(What you need to do) Return the whole listing exactly, omitting the pictures.

(Supplied material)
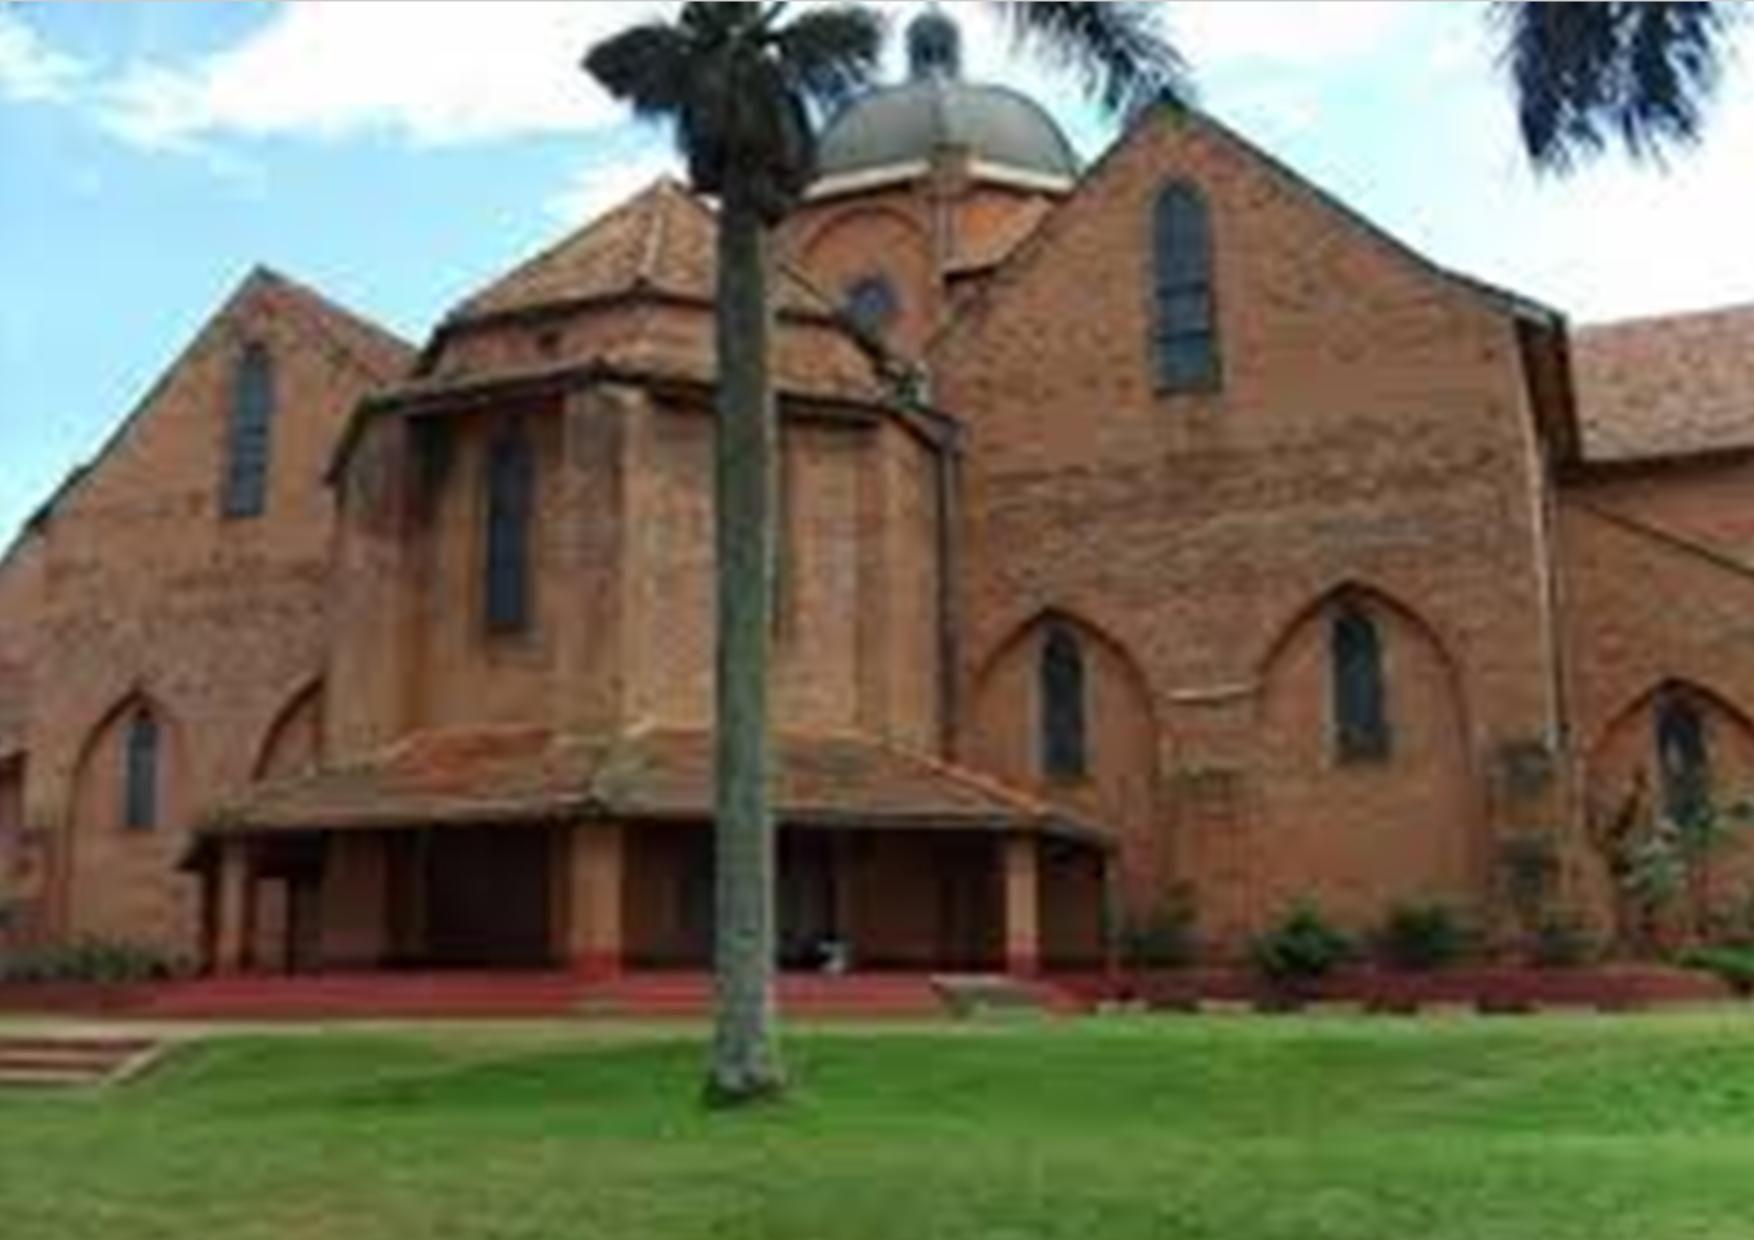 St. Paul's Namirembe cathedral Kampala, Uganda. ejn
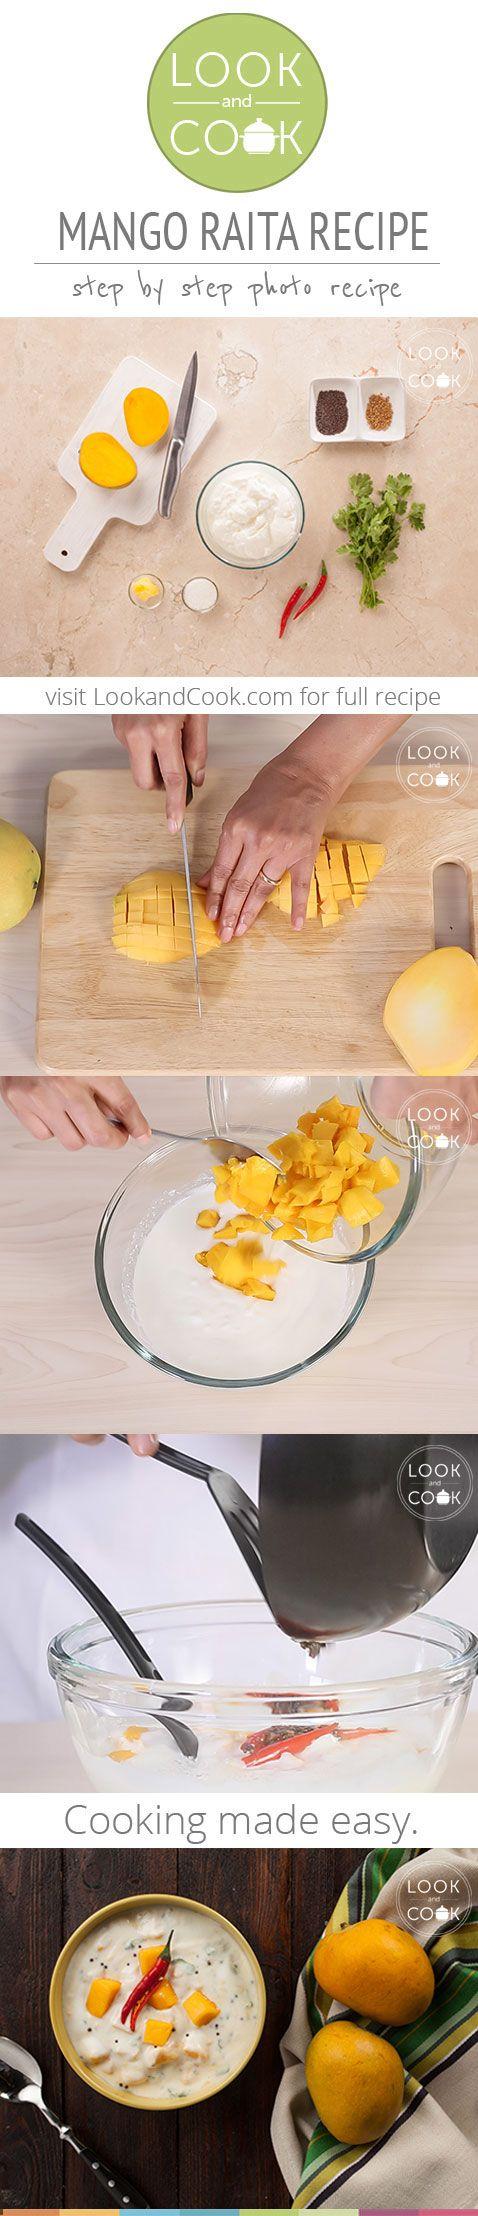 MANGO RAITA RECIPE (LC14296): Yogurt based condiment with chopped mangoes made often during the Mango season.
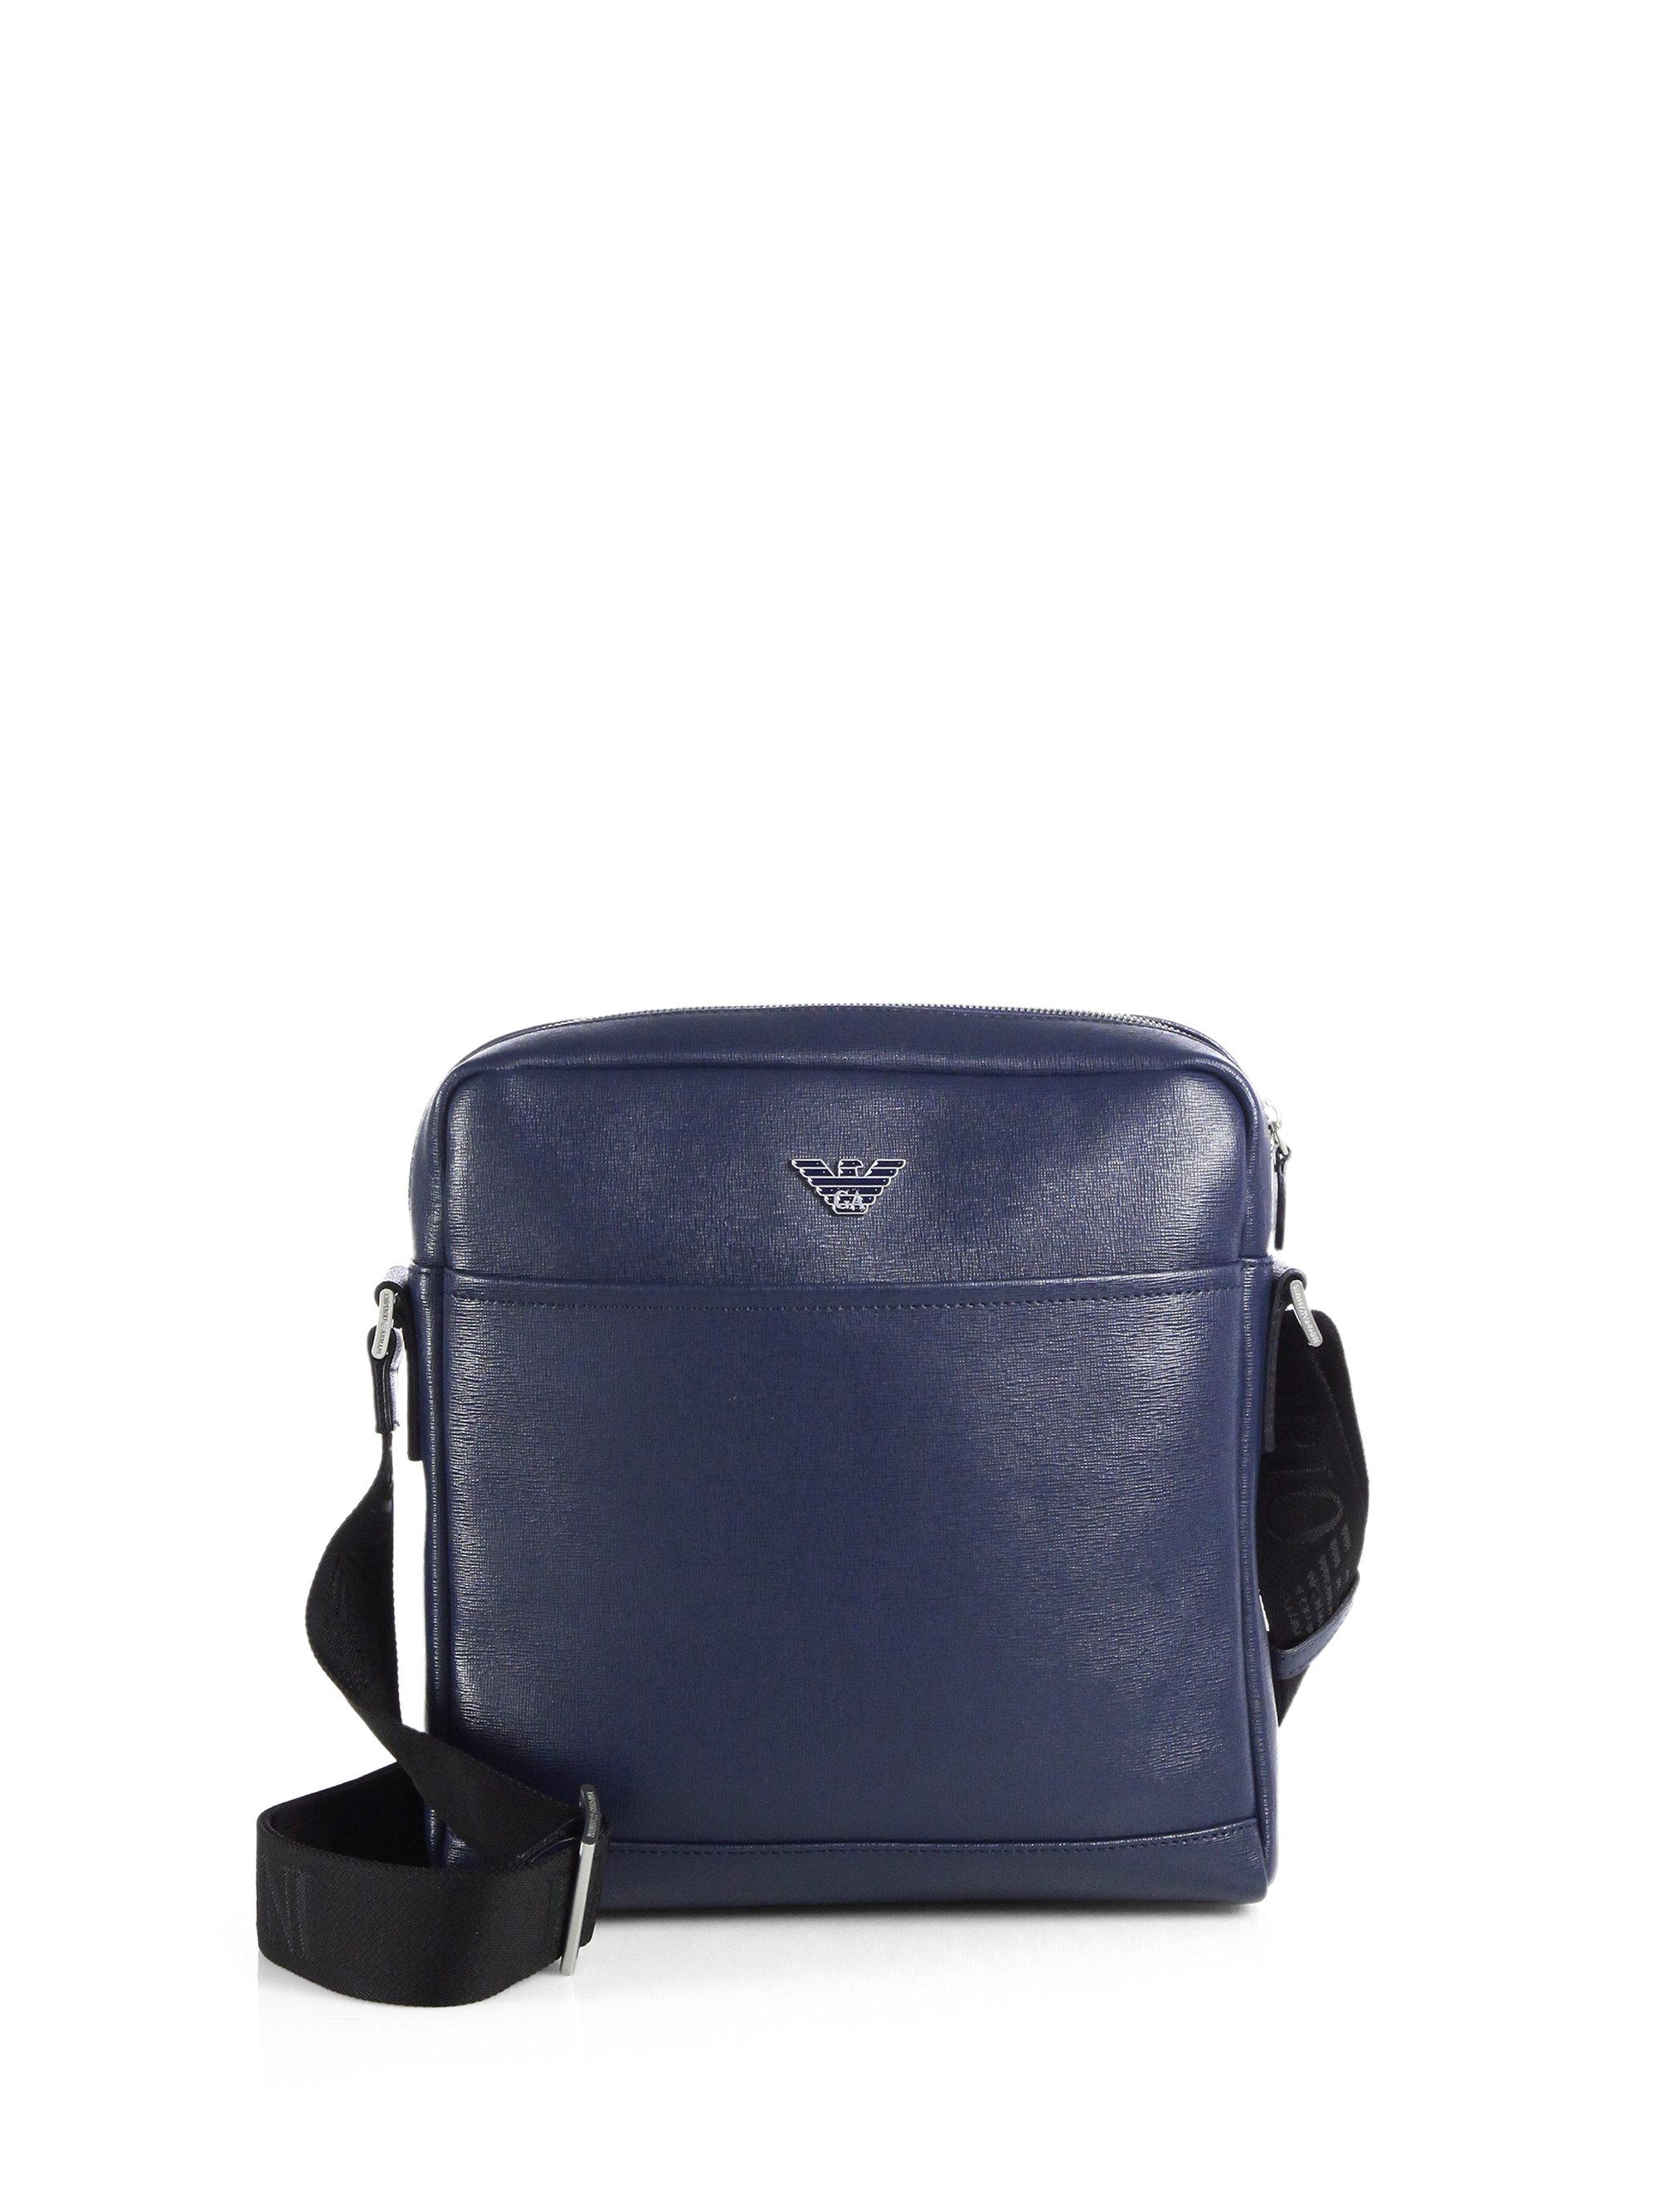 4554dbbcd6 Emporio Armani Leather Crossbody Bag in Blue for Men - Lyst

(Completed task)
 St. Paul's Namirembe cathedral Kampala, Uganda. ejn
 MANGO RAITA RECIPE (LC14296): Yogurt based condiment with chopped mangoes made often during the Mango season.
 4554dbbcd6 Emporio Armani Leather Crossbody Bag in Blue for Men - Lyst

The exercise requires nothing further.